Une étude suisse révèle des différences régionales dans la fertilité masculine

Une recherche menée en Suisse indique, pour la première fois, des écarts entre milieu urbain et milieu rural concernant la qualité du sperme. L’analyse du sperme de milliers de recrues suisses montre qu’un faible nombre de spermatozoïdes peut entraver la conception naturelle chez environ une personne sur six.

La fertilité masculine repose sur trois critères mesurables : le nombre de spermatozoïdes, leur morphologie et leur motilité. Lorsque ces trois paramètres sont limités, le risque d’infertilité augmente.

Des résultats régionaux mis en évidence

Rita Rahban, biologiste à l’Université de Genève, spécialisée dans la santé reproductive masculine, a dirigé ces travaux. Après une étude initiale menée en 2019 sur les recrues, elle a utilisé une méthode statistique innovante avec des chercheurs de l’EPFL pour réexaminer les données. Les résultats suggèrent une répartition non uniforme de la qualité du sperme en Suisse et la formation de groupes régionaux distincts.

La recherche, publiée fin septembre dans la revue Human Reproduction, distingue notamment un groupe localisé au sud-est de Berne présentant une qualité de sperme inférieure, et une zone autour d’Aarau où la qualité paraît supérieure par rapport à d’autres régions du pays.

Pour expliquer ces différences, les chercheurs comparent différentes sources de données fédérales et relient les résultats à l’organisation du territoire : les zones négatives entourées par davantage de cultures cultivées, versus les zones positives caractérisées par une densité plus élevée d’habitations.
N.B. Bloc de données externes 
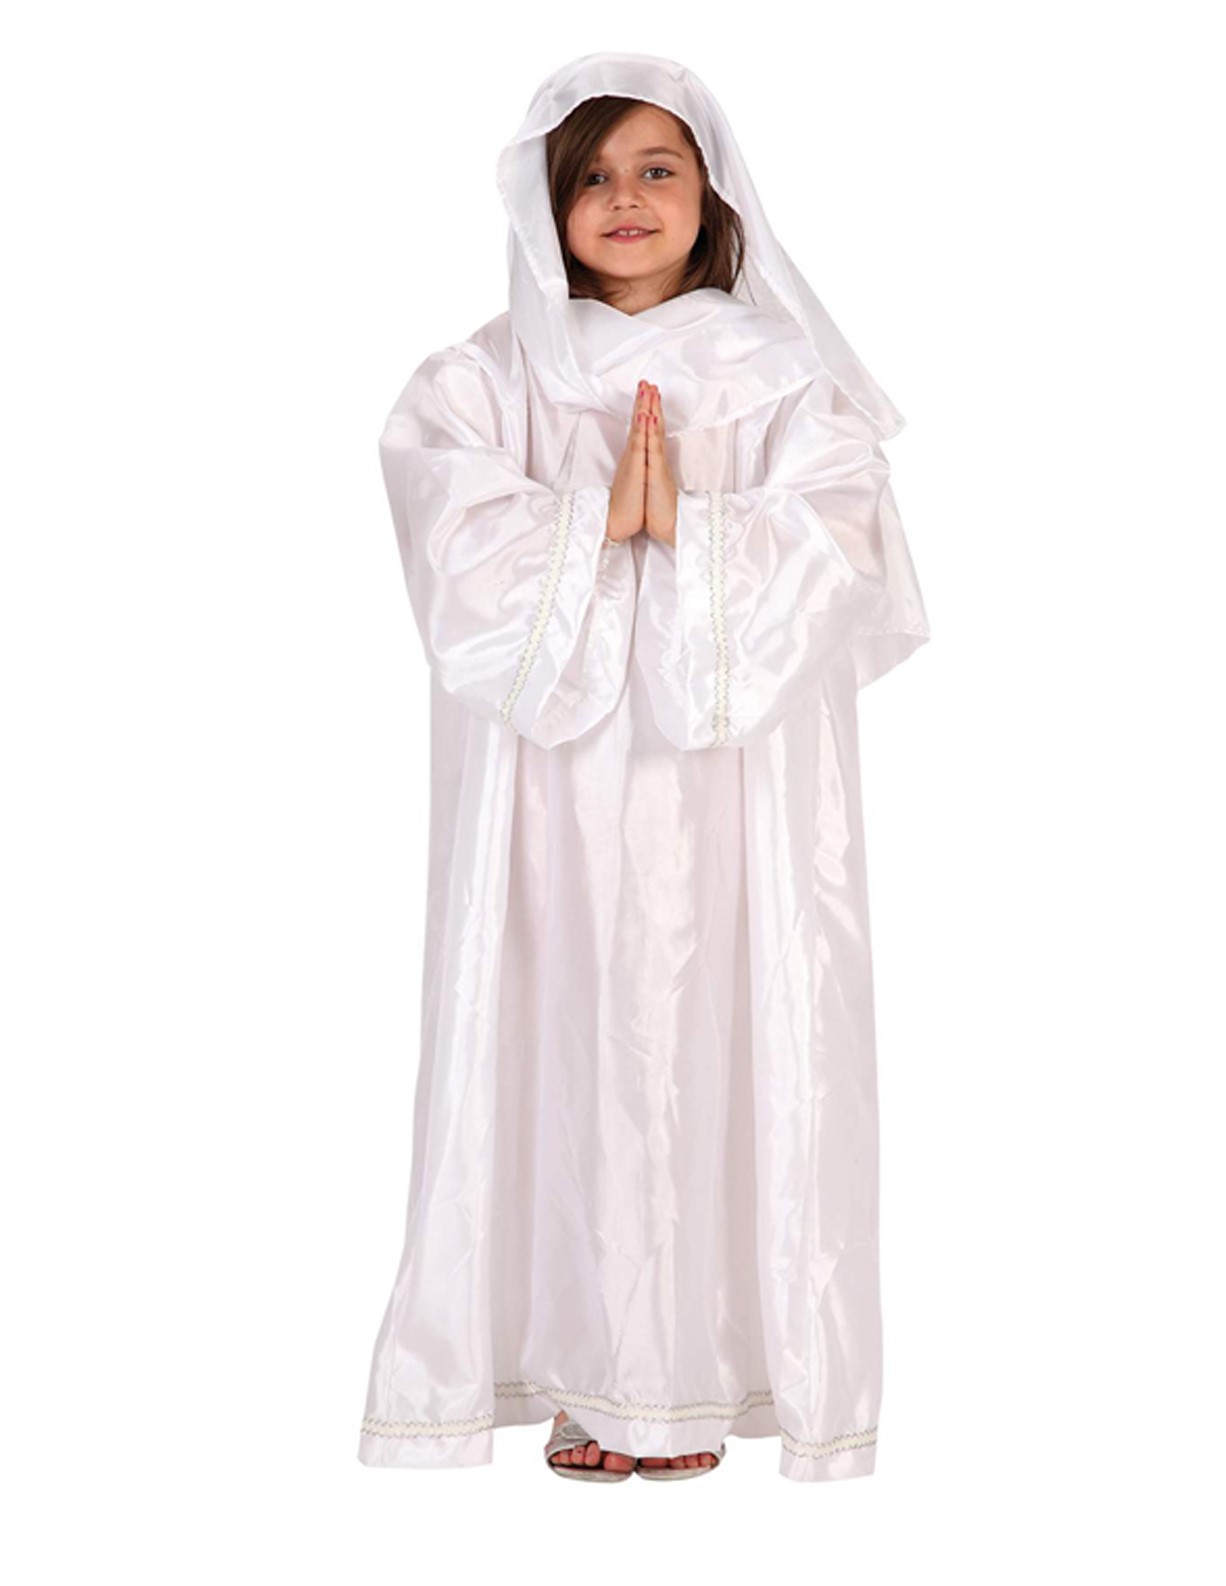 Disfraz de Virgen María para niñas en Navidad
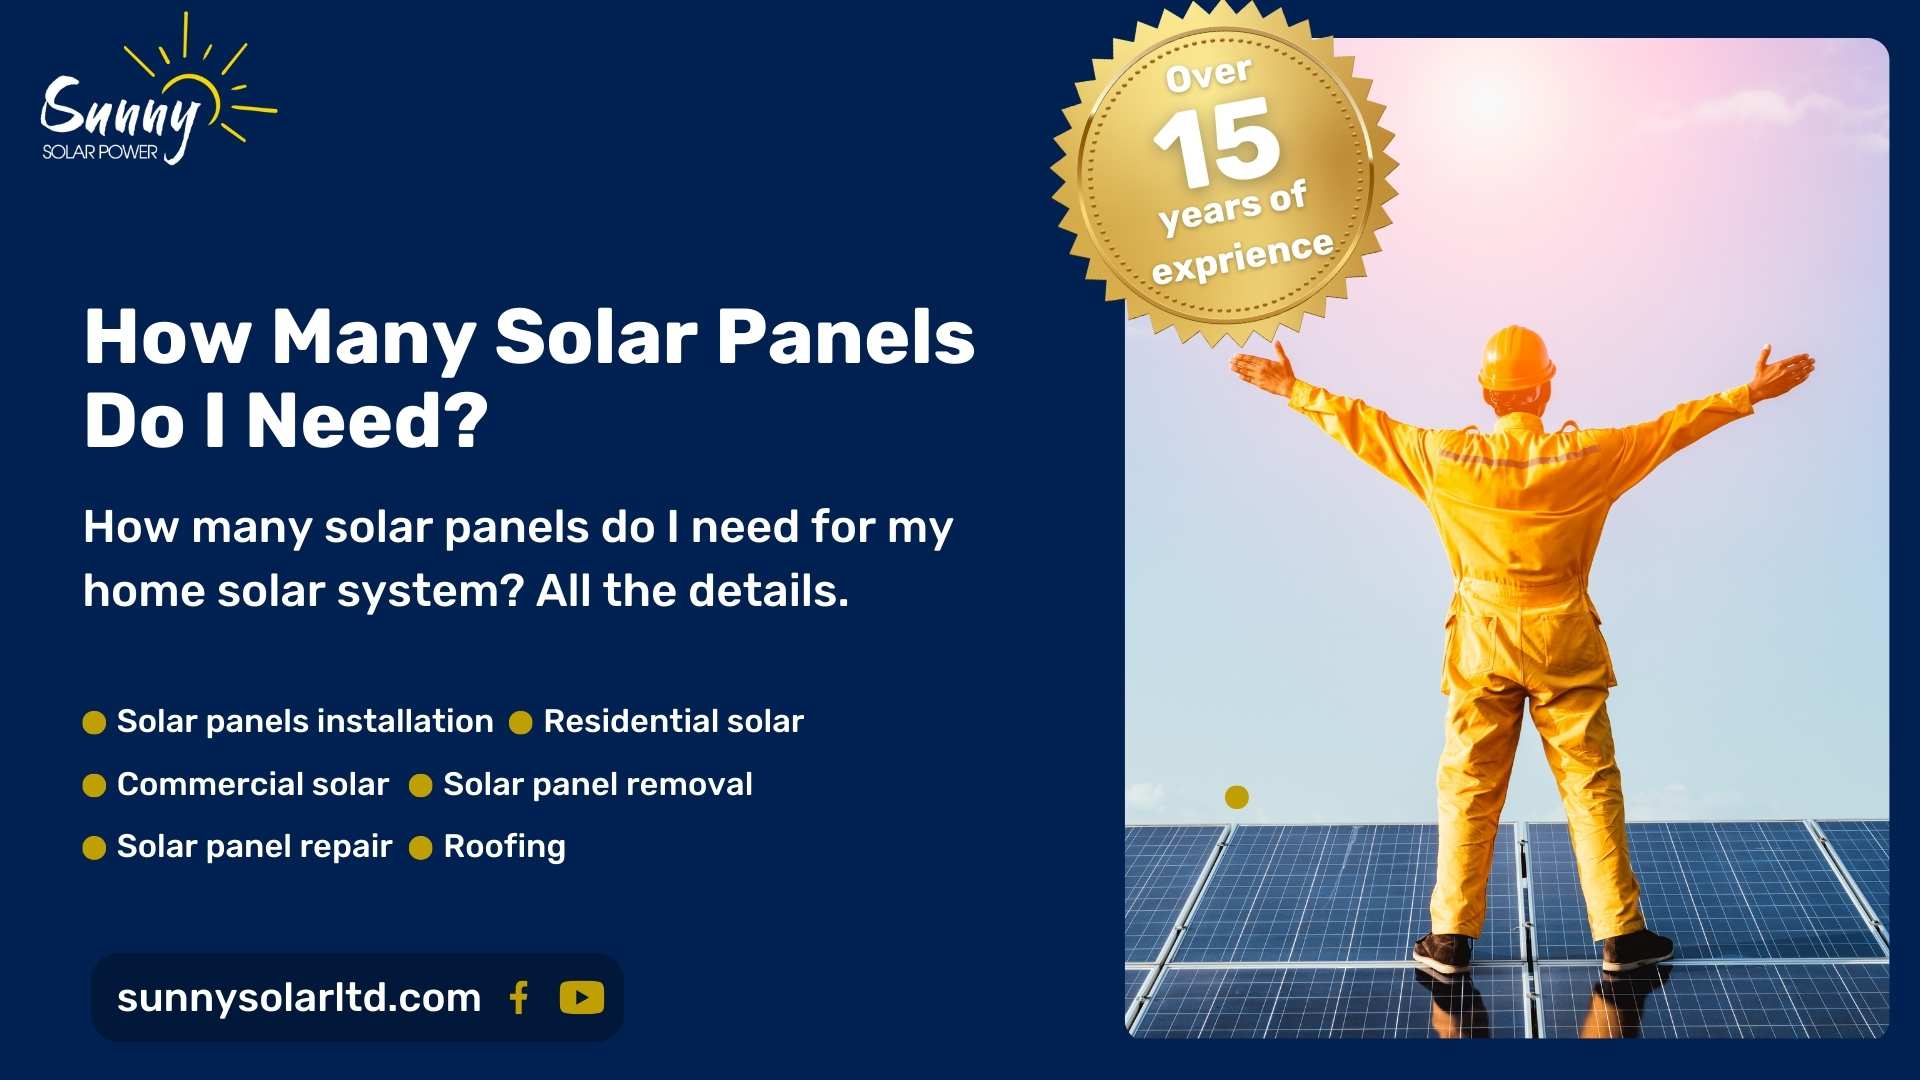 How many solar panels do i need?

Facteurs et mécanismes potentiels

Plusieurs facteurs biologiques et environnementaux pourraient influencer la qualité du sperme. Certaines substances utilisées dans les produits phytosanitaires sont avérées capables d’intervenir sur le développement des organes sexuels et sur les spermatozoïdes, selon les toxicologues. Des métaux lourds présents dans les engrais et des hormones provenant d’élevages laitiers pourraient également jouer un rôle.

Par ailleurs, de nombreux éléments de mode de vie se répercutent sur la fertilité masculine : chaleur, surcharge pondérale, alcool et tabac, ainsi que d’autres facteurs sanitaires généraux.

La chercheuse rappelle que l’amélioration des comportements individuels peut se manifester sur la qualité du sperme après environ trois mois, mais que certains déterminants échappent encore à l’action personnelle : la qualité des spermatozoïdes est aussi influencée par des éléments génétiques transmis avant la naissance et les influences intra-utérines.

Elle a pu constater que des fils de femmes employées agricoles ou travaillant dans des domaines où des substances hormonales actives—comme certains pesticides ou produits de nettoyage—étaient présents, montrent une tendance à une qualité du sperme moins élevée.

Risque lié à l’environnement agricole et limites actuelles

Les résultats suggèrent que des composants chimiques présents dans l’environnement peuvent affecter la spermatogenèse non seulement chez les fœtus, mais aussi chez l’homme adulte. Toutefois, l’étude ne permet pas encore de déterminer quel facteur environnemental agit avec quelle intensité, ni de confirmer un lien direct avec l’agriculture.

Rita Rahban souligne que « nous ne savons que très peu de choses sur les causes de l’infertilité masculine » et précise que les chercheurs n’ont mesuré ni polluants dans le cadre de l’étude ni dans le sang des participants. Le lien éventuel avec l’agriculture demeure une question ouverte et l’échantillon, d’environ 3000 hommes, est jugé modestes pour tirer des conclusions définitives. Des financements supplémentaires seraient nécessaires pour confirmer les groupes et approfondir ce lien potentiel avec les surfaces agricoles.

La toxicologue Ellen Fritsche, directrice du Centre suisse de toxicologie humaine appliquée SCAHT à Bâle, qui a cofinancé les travaux, juge l’étude précieuse mais demande des analyses plus étendues et plus précises. Elle préconise notamment la mise en place d’une biosurveillance humaine pour mesurer l’exposition réelle aux substances chimiques et, parallèlement, une étude sur le désir d’enfant dans les différents groupes afin d’évaluer si les disparités de qualité du sperme se répercutent sur la fertilité.

Les auteurs soulignent toutefois que, malgré l’apport de ces résultats, il convient d’interpréter avec prudence les conclusions et de poursuivre les recherches sur ce sujet complexe et encore peu éclairé.